3. Also I can't understand why the PMOS' output impedence is less than the NMOS? I have taken measurements with PMOS and NMOS and I have got almost same result..I have got 98 K for PMOS measures between VDS (-4.5V and - 3.5V) and for NMOS 188.5 K measured between VDS ( 4.99 V and 4.5 V) with VDD = 5V. Could you please clear my dobts?

Thanks for your help!!!
Vineeth

erikl said:

"(Absolutely) no current flow" doesn't exist in reality. The voltage at the connection node is still VDD-VTH, even if the current is in the fA range (1e-15 A ≈ 6000 electrons/s), because the pmos diode's impedance « impedance of the switched-off nmos.

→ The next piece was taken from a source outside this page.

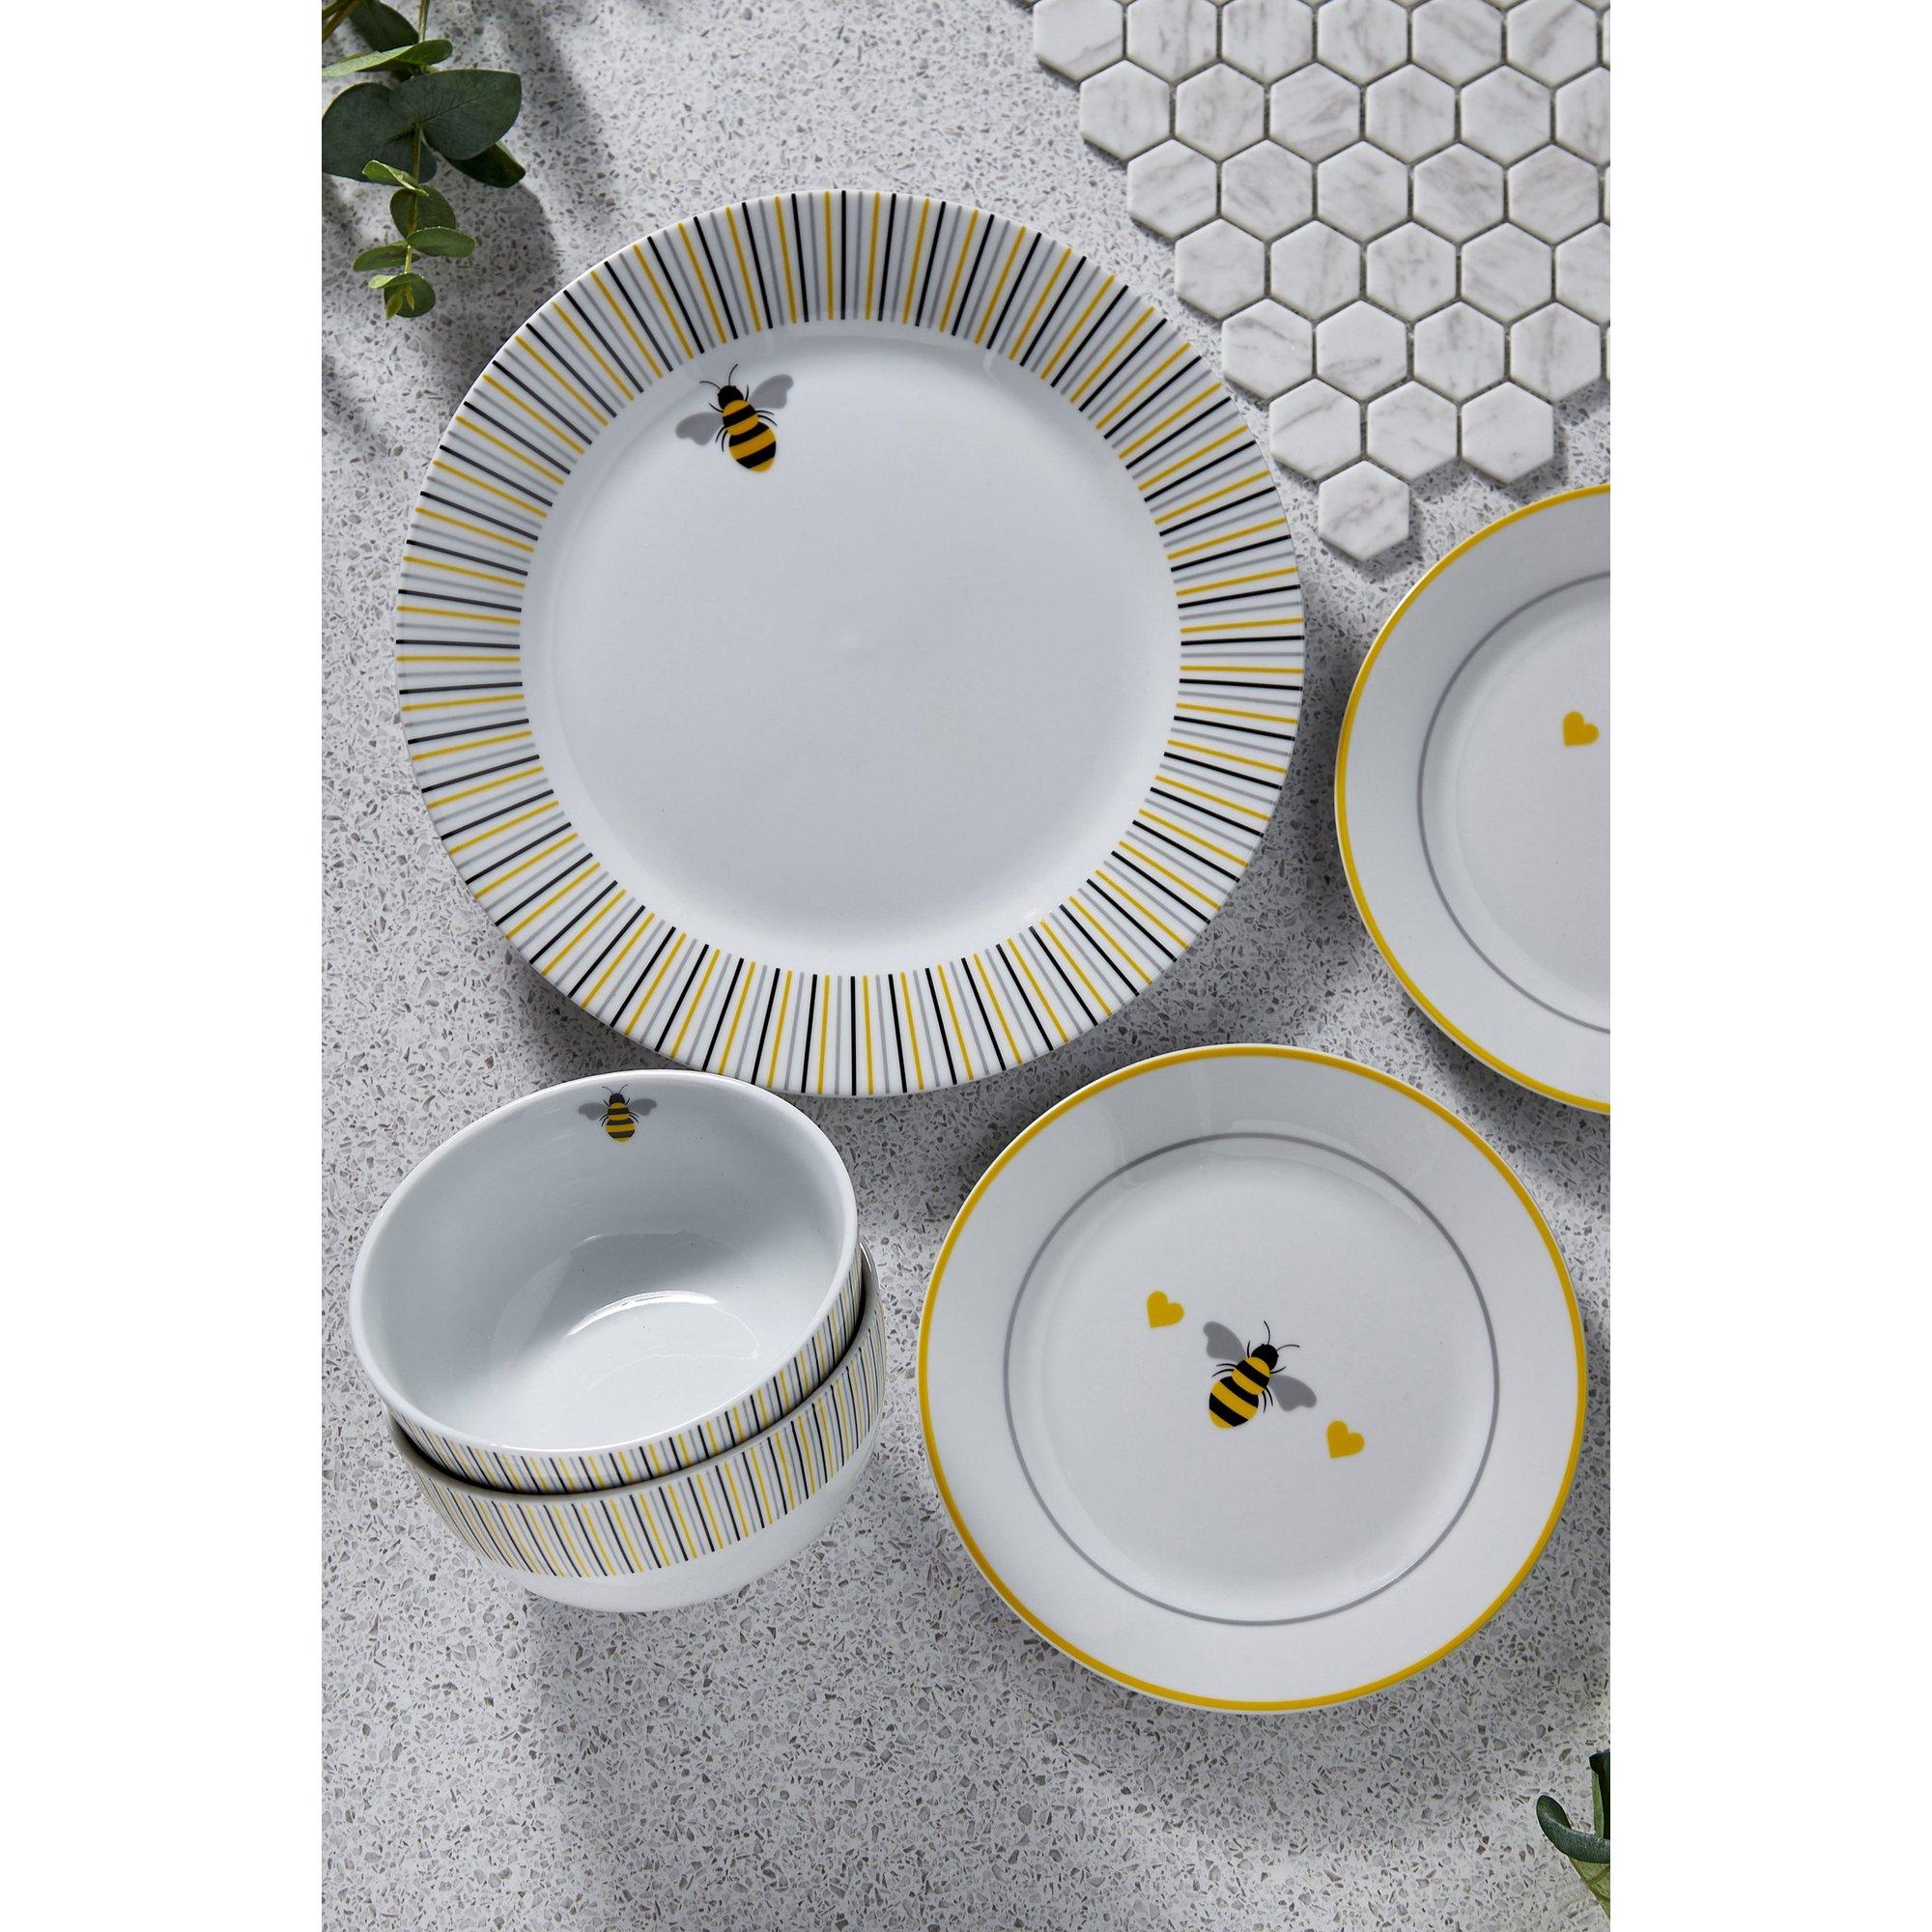 Image of 12 Piece Porcelain Bee Dinner Set

Read books on analog design, e.g.
[Allen/Holberg] "CMOS Analog Circuit Design"
David M. [Binkley] "Tradeoffs and Optimization in Analog CMOS Design"
Behad [Razavi] "Design of Analog CMOS Integrated Circuits"

Click to expand...

vineethraj said:

1. But I can't understand how it can be VDD-VTH. If it is VDD-VTH, th PMOS is ON and the full inversion layer should have been formed. In Diode connected amplifier, how the GATE( Drain voltage of both NMOS and PMOS)voltage of PMOS reaches to VTH with 0 input voltage? I am really confused to explain the working of the circuit when 0 <= Vin < VTH. Could you pleae help in this?

Click to expand...

If I understand you correctly, you want to study the situation for Vin=0 (Vgs(nmos)=0). In this case, there's only leakage current through both fets. The diode-connected pmos, however, will not have (Vgs(pmos)=0), because its gate is connected to its drain, hence 0 ≤ Vgs(pmos) ≤ VTH(pmos).

vineethraj said:

2. But even if current is in fA range and the drop across PMOS should be less than VDD-VTH!

Click to expand...

VDD-VTH is not the drop across PMOS, but the voltage at the common node referred to GND.

vineethraj said:

3. Also I can't understand why the PMOS' output impedence is less than the NMOS?

Click to expand...

The reason is: |Vgs(pmos)| > Vgs(nmos)=0

Hi ,

2. But I am confused how the output node has voltage generated when Vin = 0..Is it because of the subthreshold current??

Vineeth.

erikl said:

If I understand you correctly, you want to study the situation for Vin=0 (Vgs(nmos)=0). In this case, there's only leakage current through both fets. The diode-connected pmos, however, will not have (Vgs(pmos)=0), because its gate is connected to its drain, hence 0 ≤ Vgs(pmos) ≤ VTH(pmos).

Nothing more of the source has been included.